▶ [Exercise brief]
Your task is to print all of the data below exactly, with no pictures included.

▶ [Data shown]
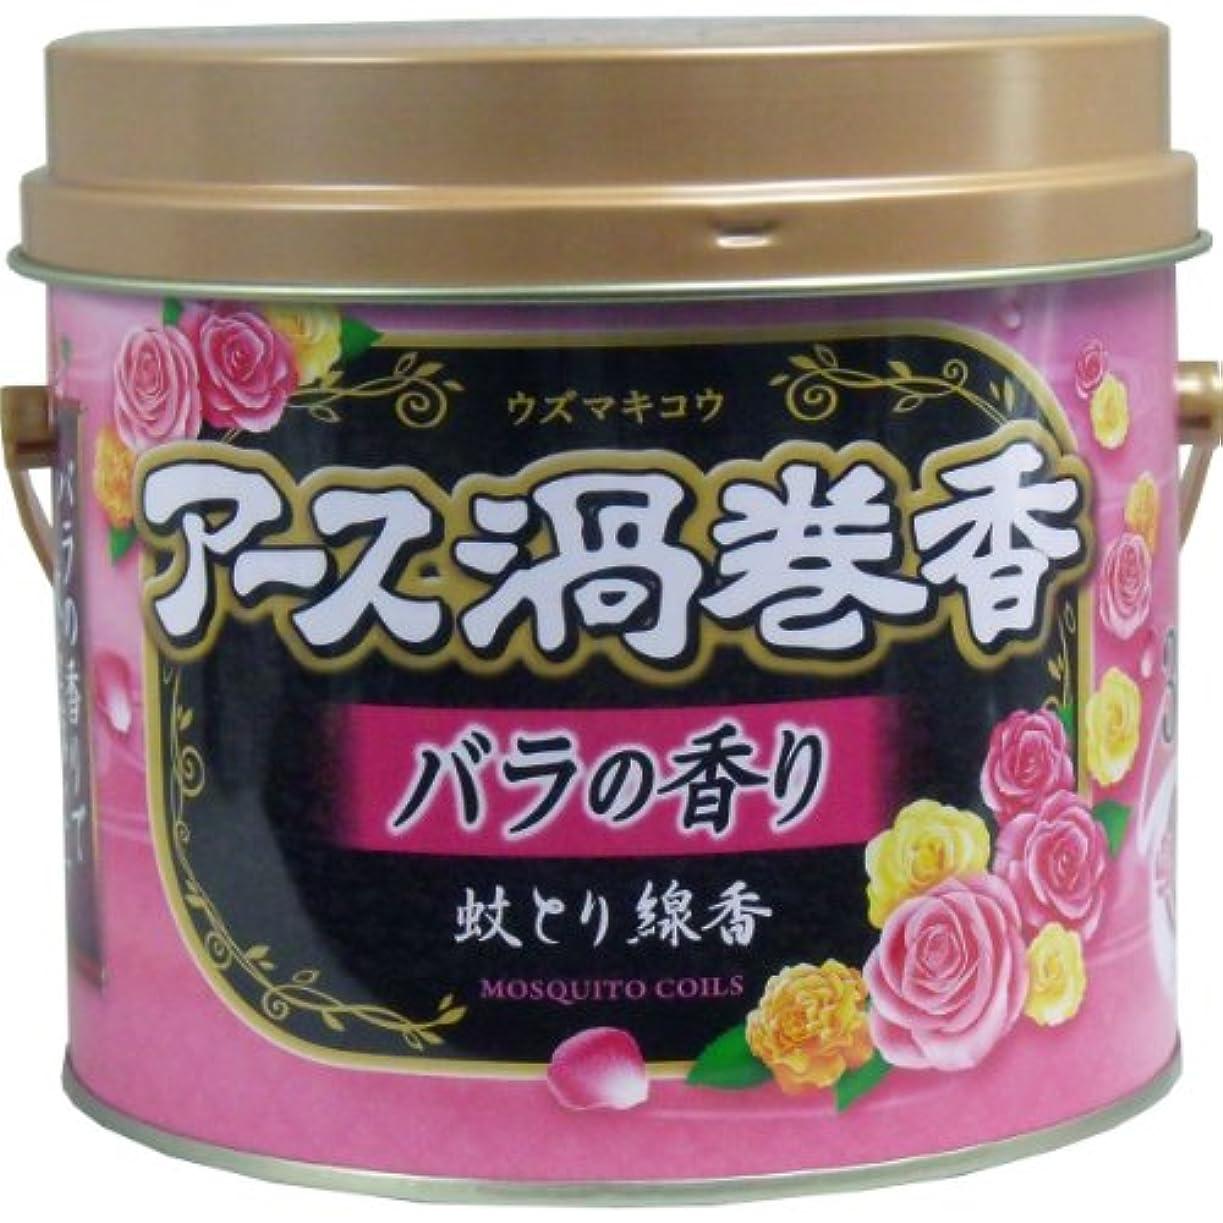 アース渦巻香 蚊とり線香 バラの香り 30巻「3点セット」
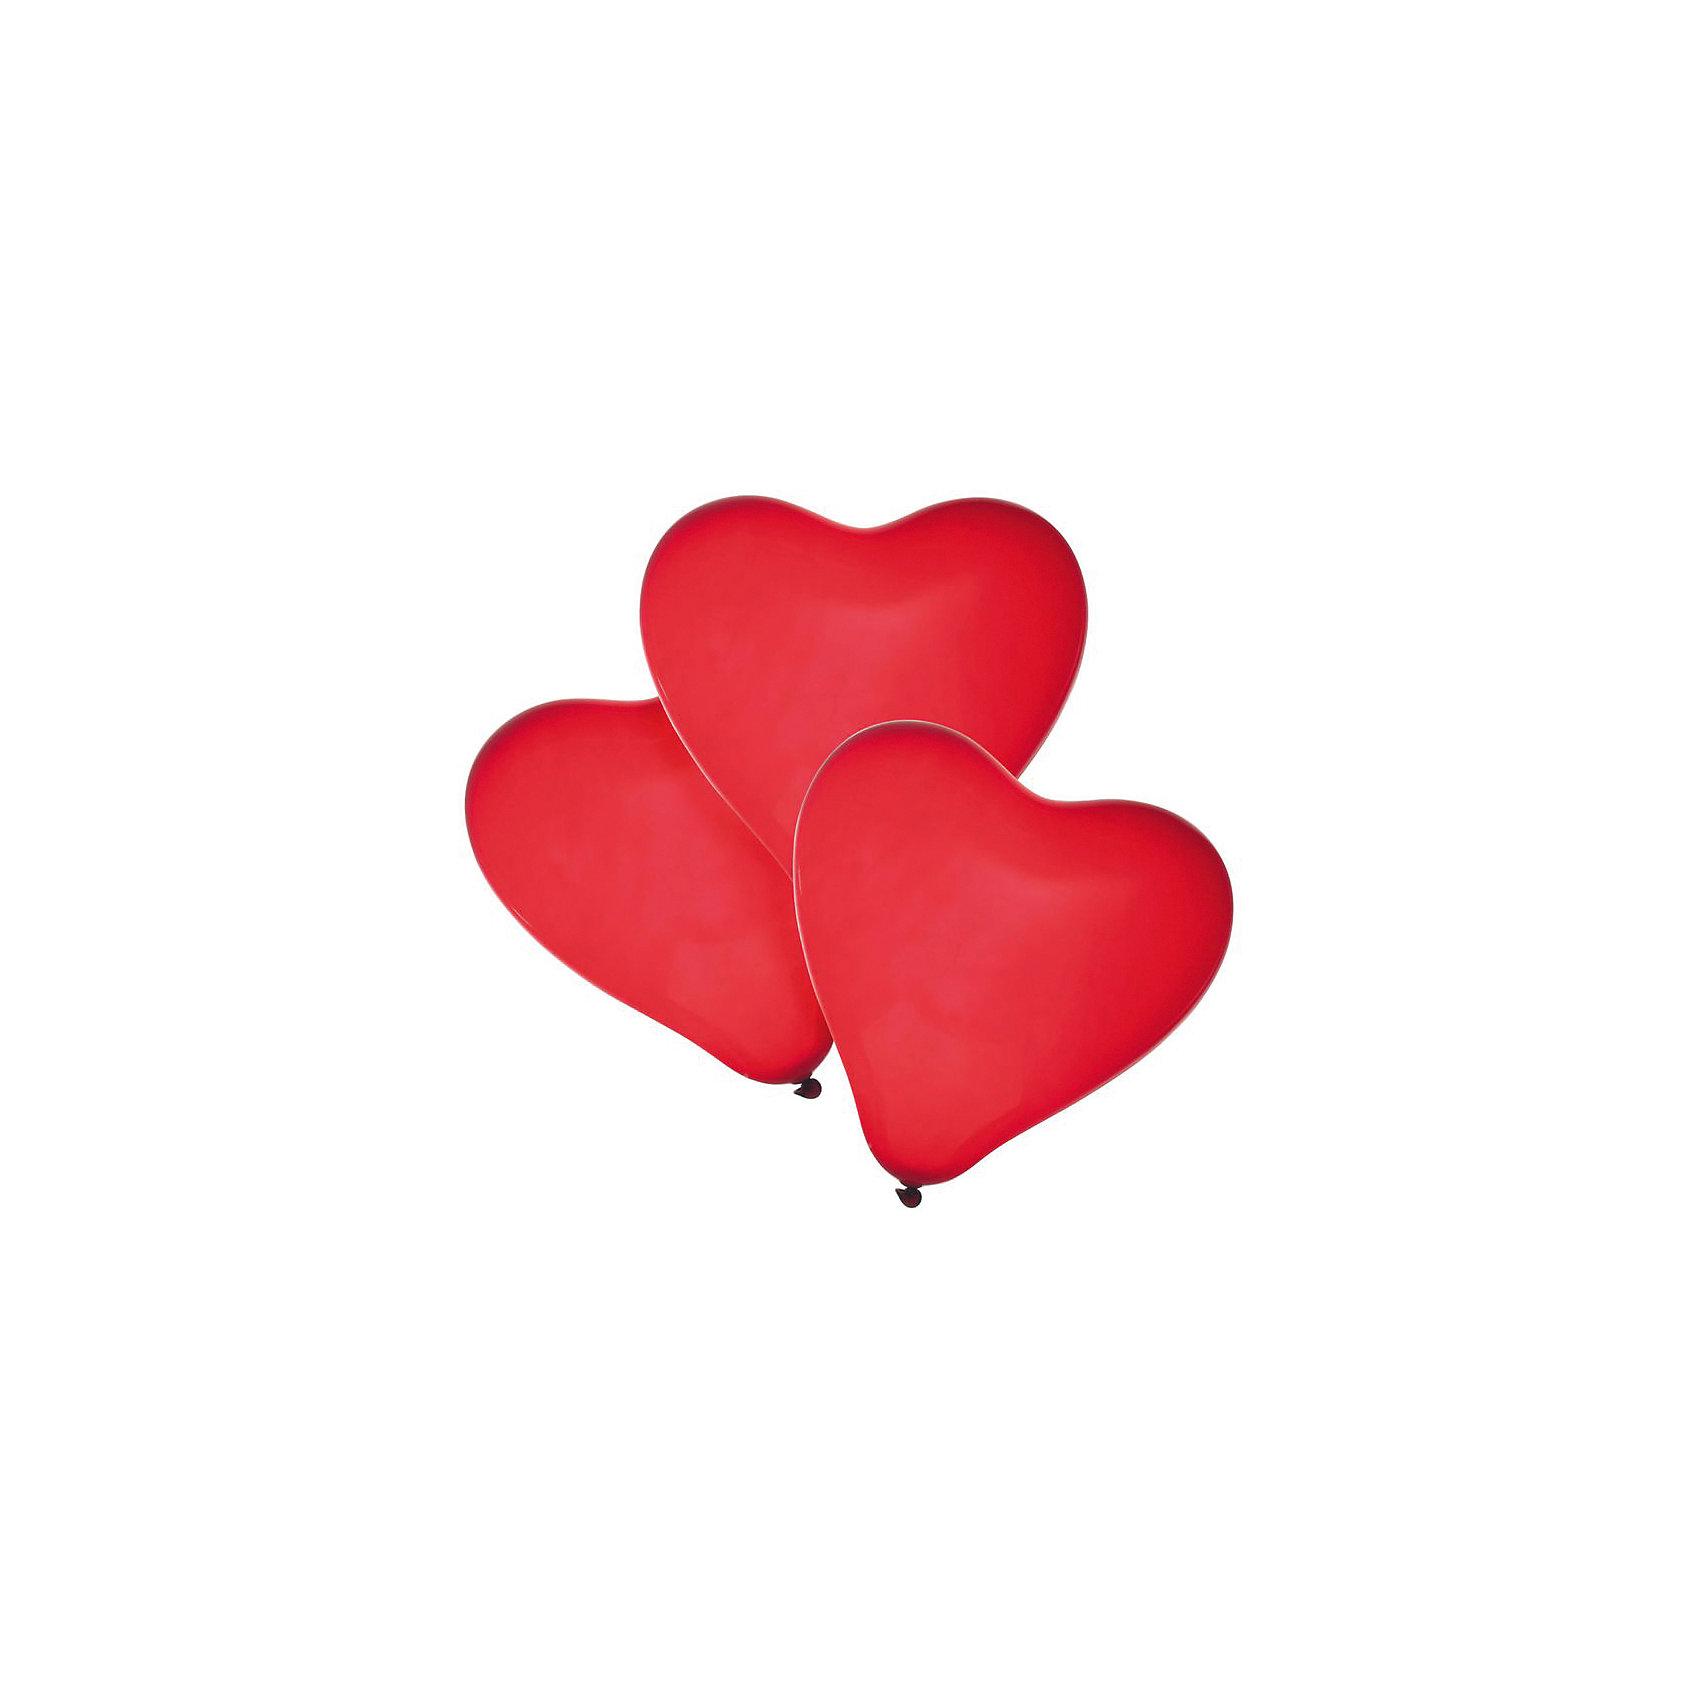 Шары воздушные Сердце, 4 штВсё для праздника<br>Характеристики товара:<br><br>• возраст: от 3 лет<br>• цвет: красный<br>• материал: биоразлагаемый латекс<br>• размер упаковки: 3х13х20 см<br>•  для надувания гелием или воздухом<br>• комплектация: 4 шт<br>• вес: 20 г<br>• страна бренда: Германия<br>• страна изготовитель: Германия<br><br>Ярко-красные воздушные шары в форме сердечек добавят красок и романтического настроения. Эти шарики подойдут для празднования дней рождений, свадеб и других торжественных случаев.<br><br>Изделие произведено из безопасного для детей материала.<br><br><br>Шары воздушные «Сердце», 4 шт от бренда Herlitz (Херлиц) можно купить в нашем интернет-магазине.<br><br>Ширина мм: 5<br>Глубина мм: 128<br>Высота мм: 200<br>Вес г: 19<br>Возраст от месяцев: 36<br>Возраст до месяцев: 2147483647<br>Пол: Унисекс<br>Возраст: Детский<br>SKU: 6886503
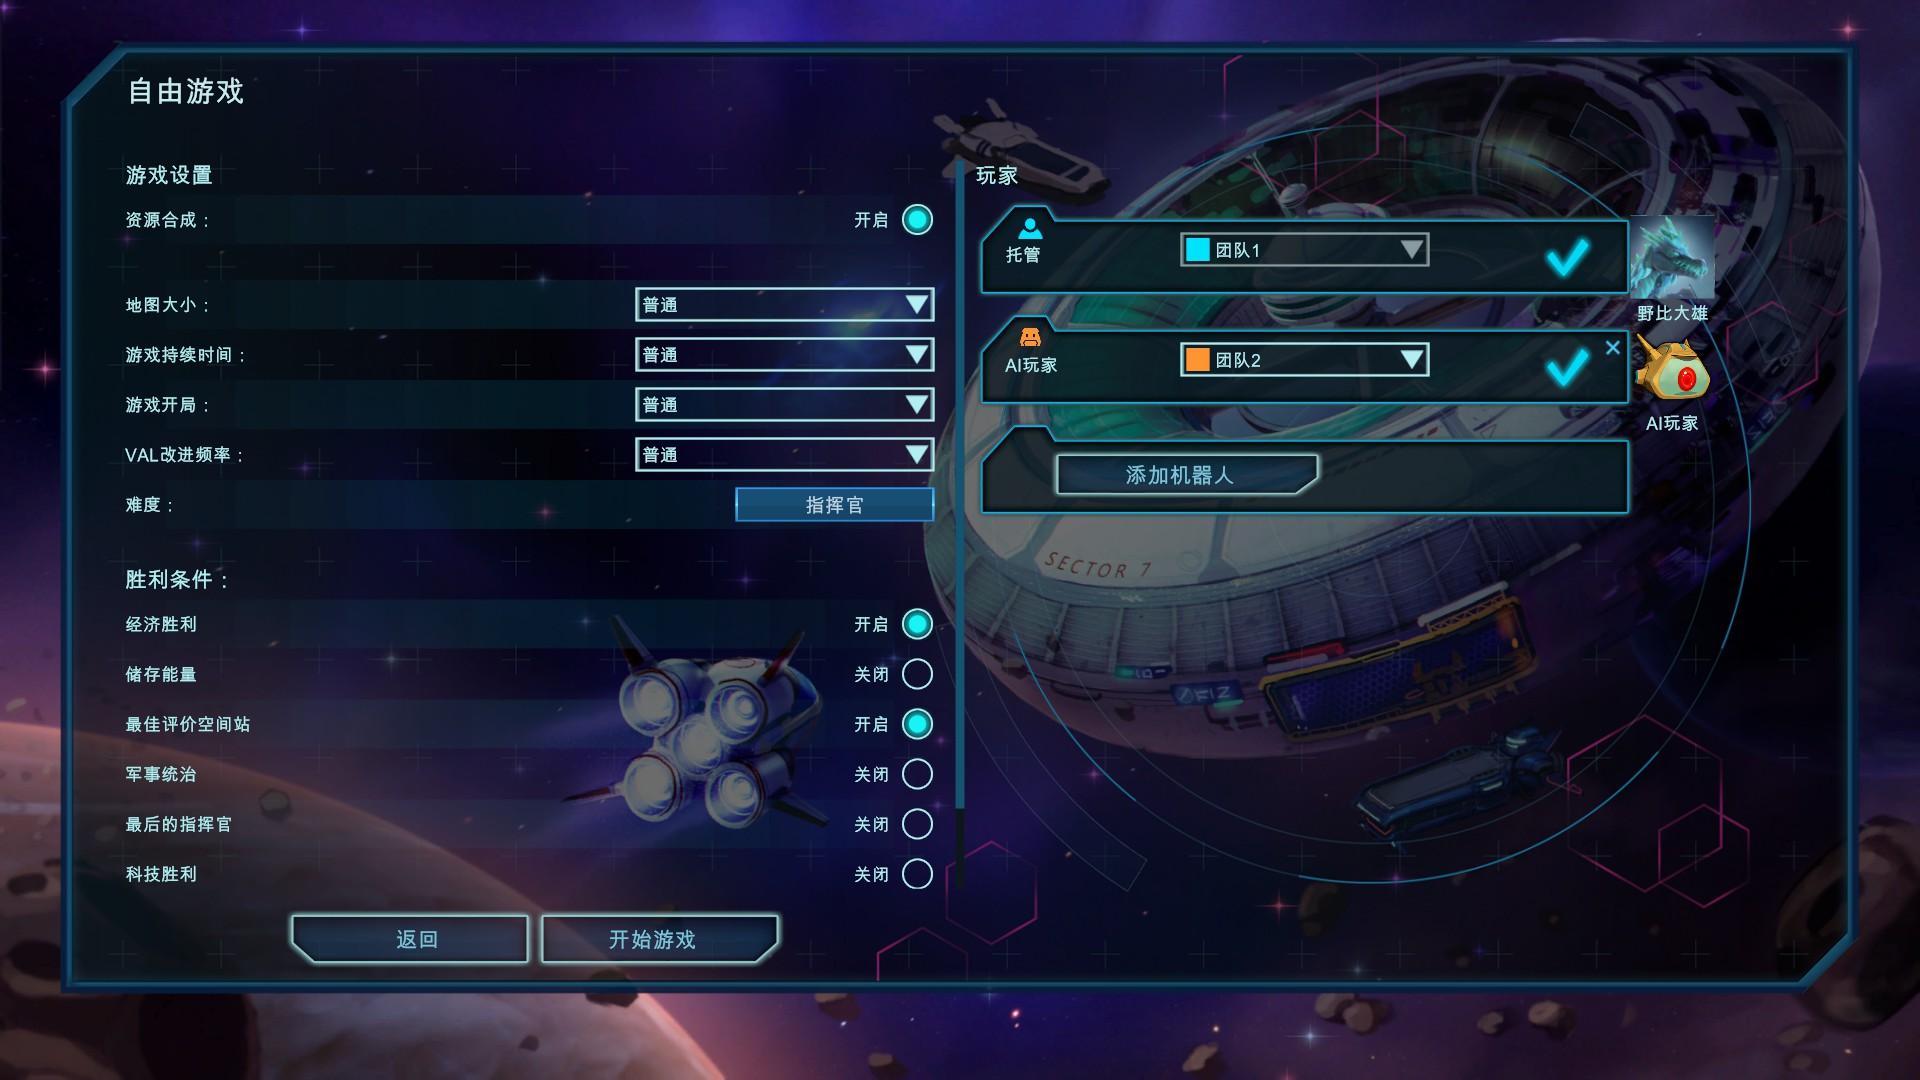 《星际乐土太空基地》评测:60%的模拟经营,还有4X和RTS
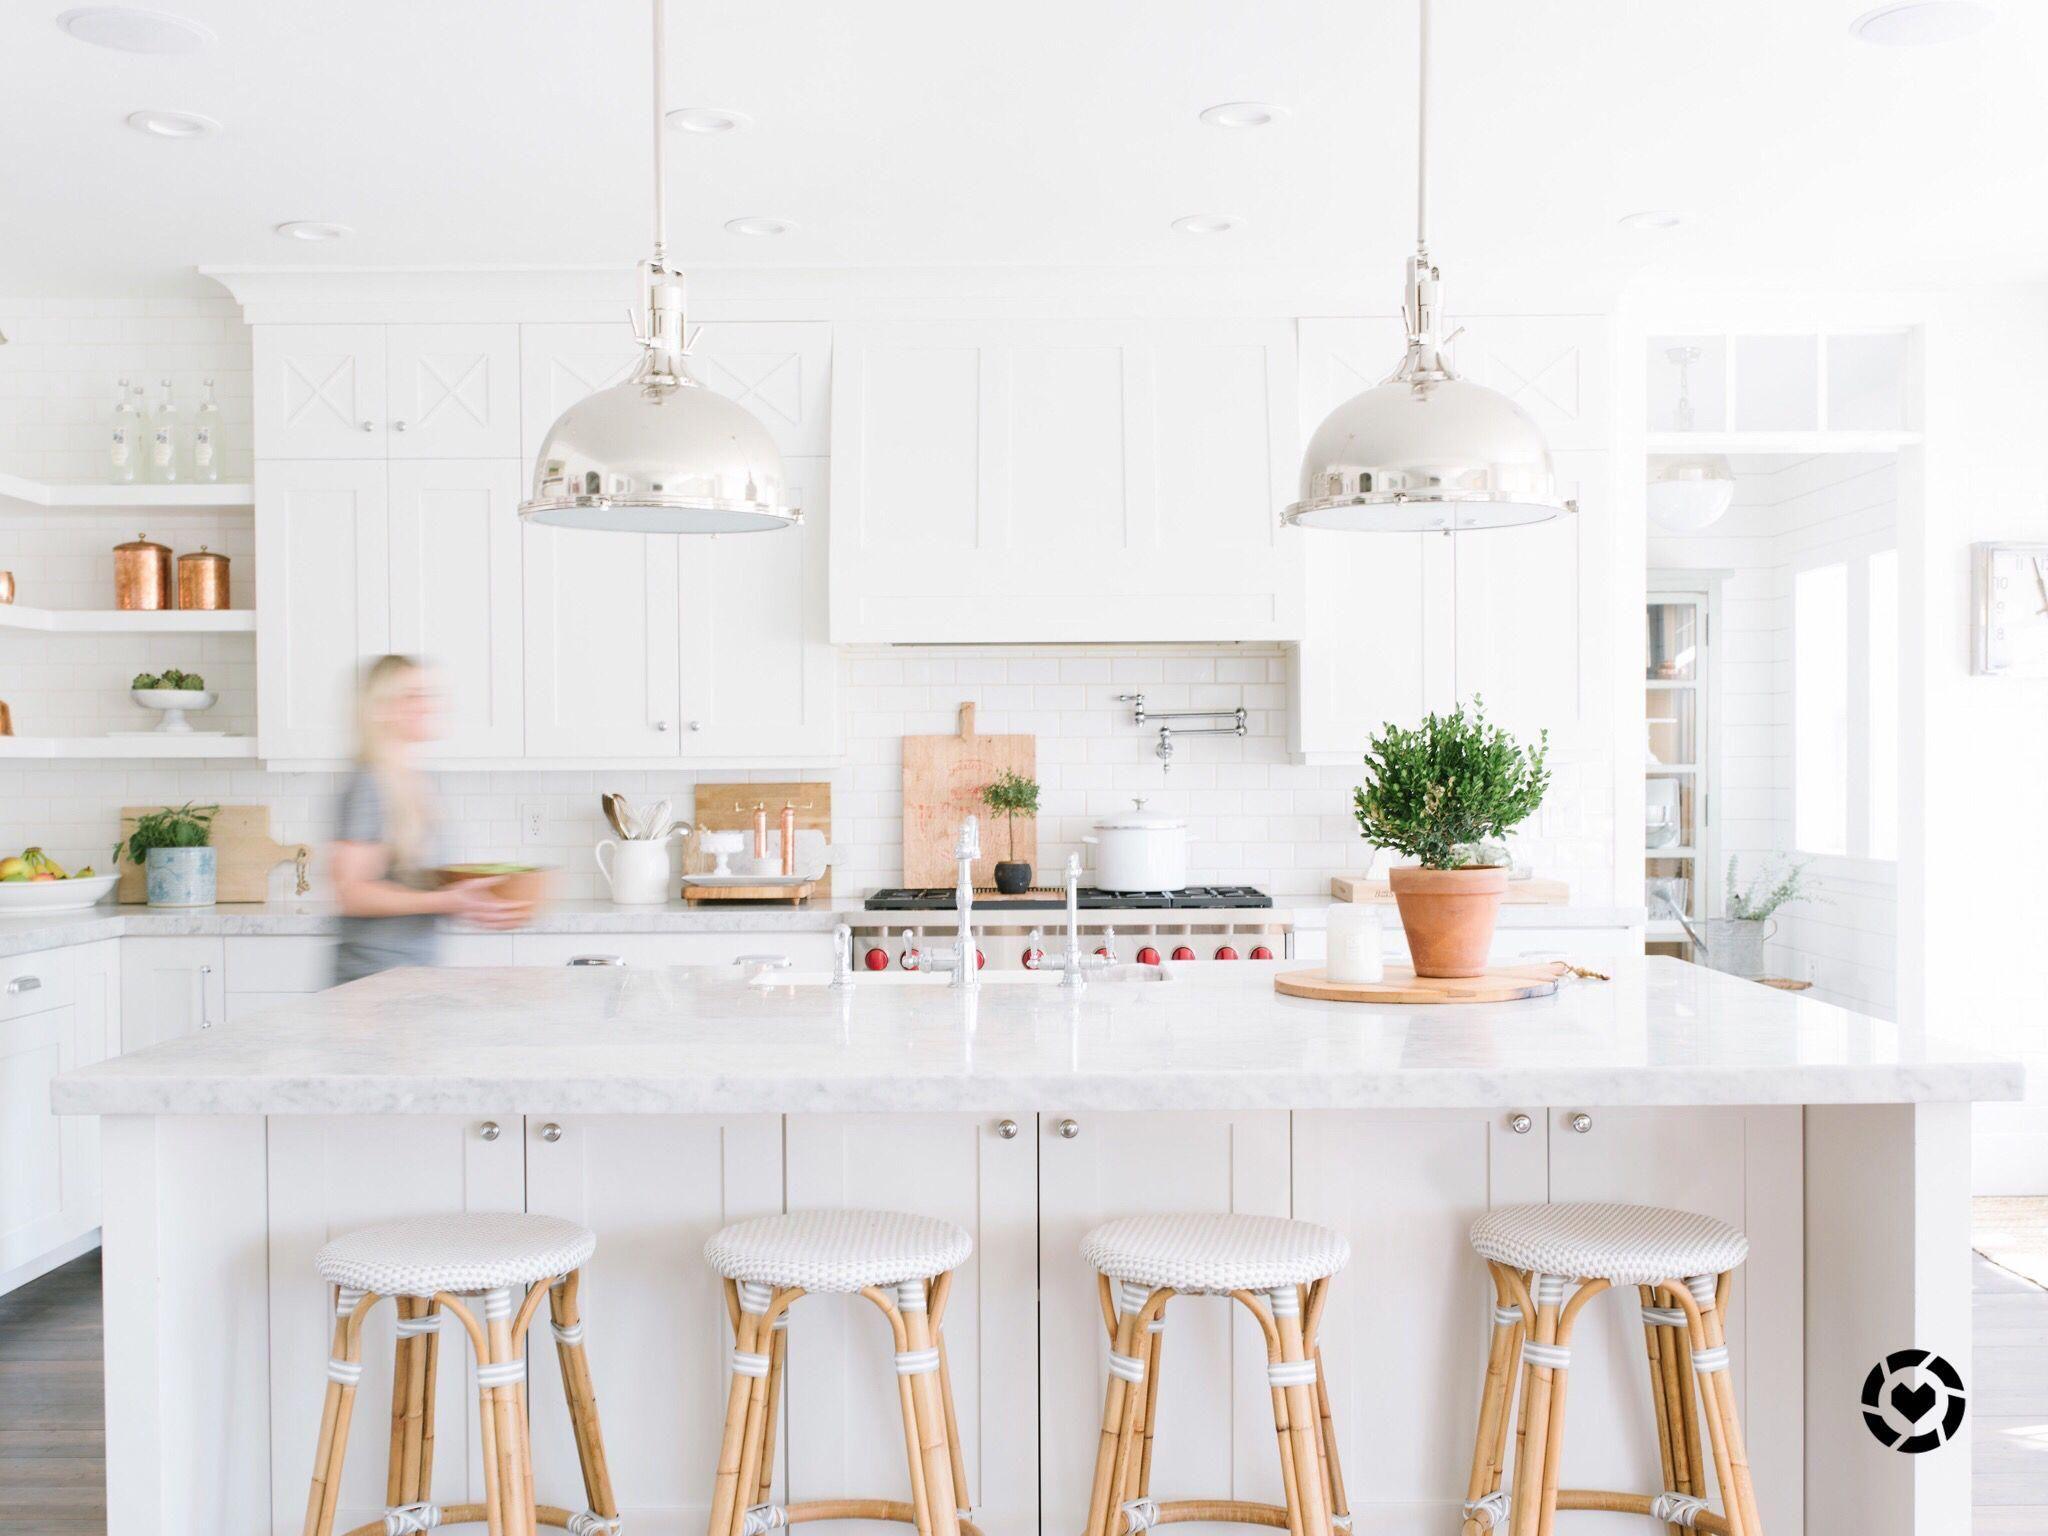 White Kitchen Marble Serena And Lily Kitchens Of Instagram Whitekitchen Casa Minimalista Interior Minimalista Fachadas Casas Minimalistas

▶ [Answer to the problem]
 アース渦巻香 蚊とり線香 バラの香り 30巻「3点セット」
 Шары воздушные Сердце, 4 штВсё для праздника<br>Характеристики товара:<br><br>• возраст: от 3 лет<br>• цвет: красный<br>• материал: биоразлагаемый латекс<br>• размер упаковки: 3х13х20 см<br>•  для надувания гелием или воздухом<br>• комплектация: 4 шт<br>• вес: 20 г<br>• страна бренда: Германия<br>• страна изготовитель: Германия<br><br>Ярко-красные воздушные шары в форме сердечек добавят красок и романтического настроения. Эти шарики подойдут для празднования дней рождений, свадеб и других торжественных случаев.<br><br>Изделие произведено из безопасного для детей материала.<br><br><br>Шары воздушные «Сердце», 4 шт от бренда Herlitz (Херлиц) можно купить в нашем интернет-магазине.<br><br>Ширина мм: 5<br>Глубина мм: 128<br>Высота мм: 200<br>Вес г: 19<br>Возраст от месяцев: 36<br>Возраст до месяцев: 2147483647<br>Пол: Унисекс<br>Возраст: Детский<br>SKU: 6886503
 《星际乐土太空基地》评测:60%的模拟经营,还有4X和RTS
 White Kitchen Marble Serena And Lily Kitchens Of Instagram Whitekitchen Casa Minimalista Interior Minimalista Fachadas Casas Minimalistas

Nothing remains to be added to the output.